Fair question. Most AEC professionals use Python, .NET, or whatever scripting language AutoCAD yells at you in. So why drag R into this?
Because the audience isn’t architects, it’s analysts. The real use case here is the data scientist who gets handed a folder of DWG files and told to “make a dashboard out of this.” That person lives in R. They know dplyr, they know ggplot2, they know Shiny. AutoDeskR gives them a bridge to the CAD world without forcing them to learn a whole new stack.
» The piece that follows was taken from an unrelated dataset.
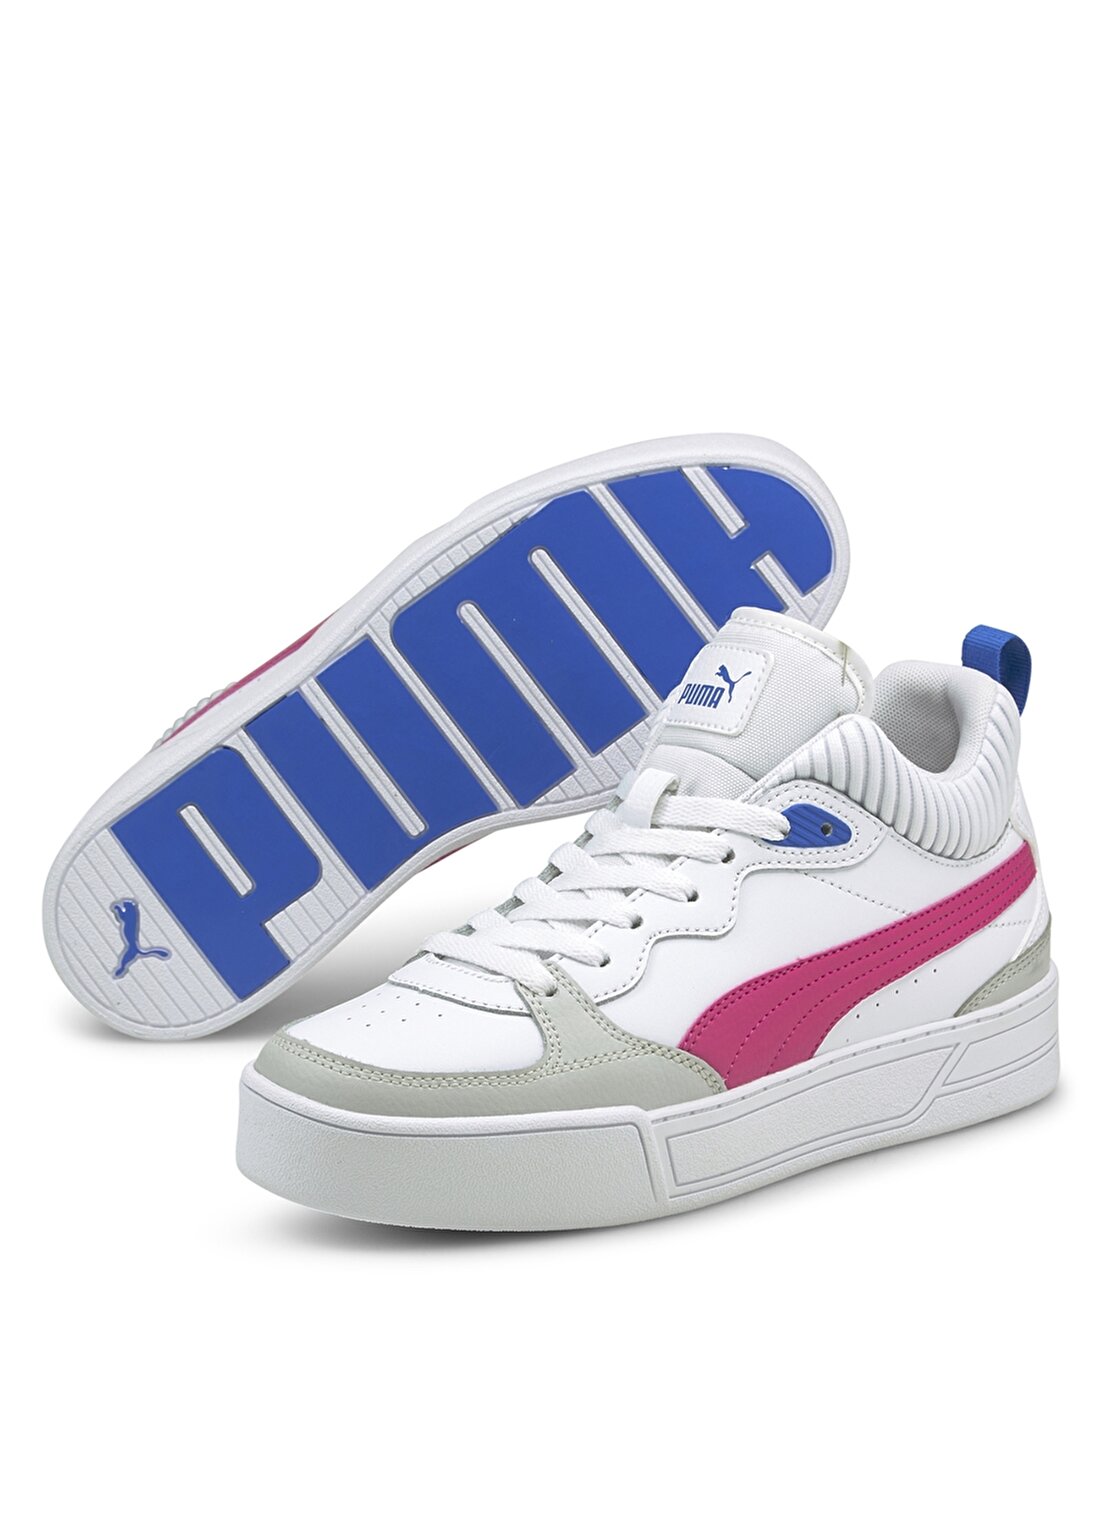 Puma 38074903 Skye Demi Beyaz - Mor Kadın Lifestyle Ayakkabı

Because the Python SDK is for building applications. It’s great if you’re writing production software. But if you want to pull geometry data, run some summary statistics, and produce a polished report with a table and a plot, R’s ecosystem (ggplot2, gt, Quarto) is still unmatched. The wrapper isn’t competing with the Python SDK; it’s serving a different job.
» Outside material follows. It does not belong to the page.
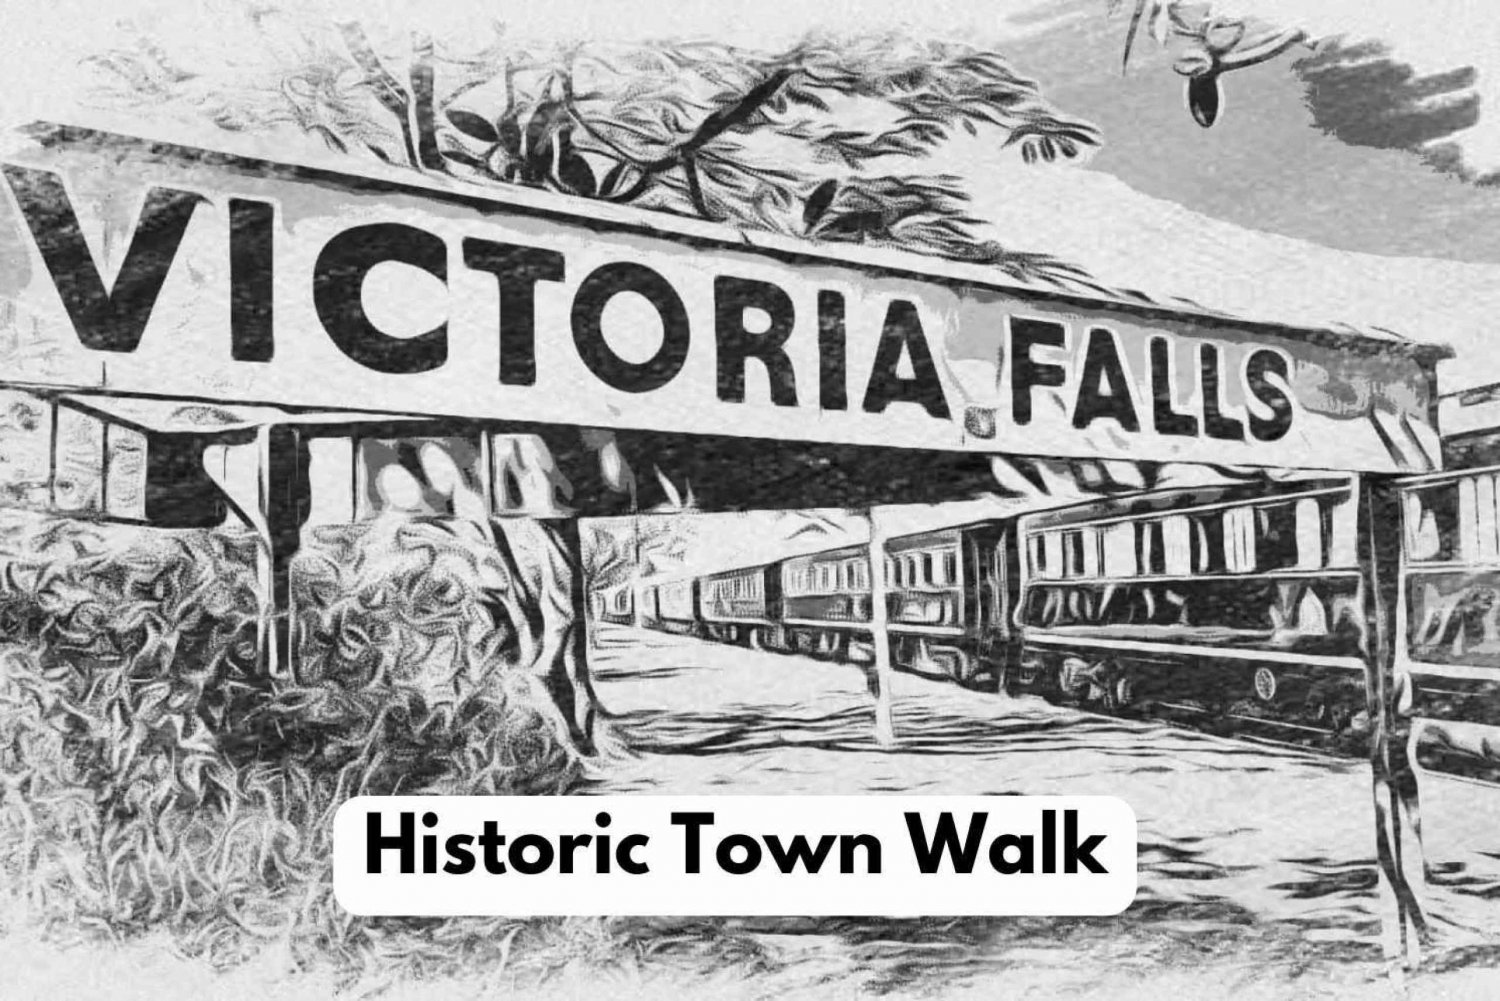 Cataratas Victoria: Visita a la Ciudad Histórica + Paseo por el bosque

Because thin wrappers encode real expertise. Yes, a sophisticated user could call the APS REST API directly with httr2. But do they know that the object URN needs to be Base64-encoded before passing it to the Model Derivative API? That tokens expire after exactly 3600 seconds? That bucket names are globally unique across all APS applications? AutoDeskR quietly handles all of that so you can focus on the analysis, not the plumbing.
Because API drift is a fact of life, not a dealbreaker. AutoDesk updates its APIs. So do Google, AWS, and everyone else. Staying close to the API surface means fewer moving parts to break, and direct httr2 calls would have exactly the same maintenance problem with more boilerplate.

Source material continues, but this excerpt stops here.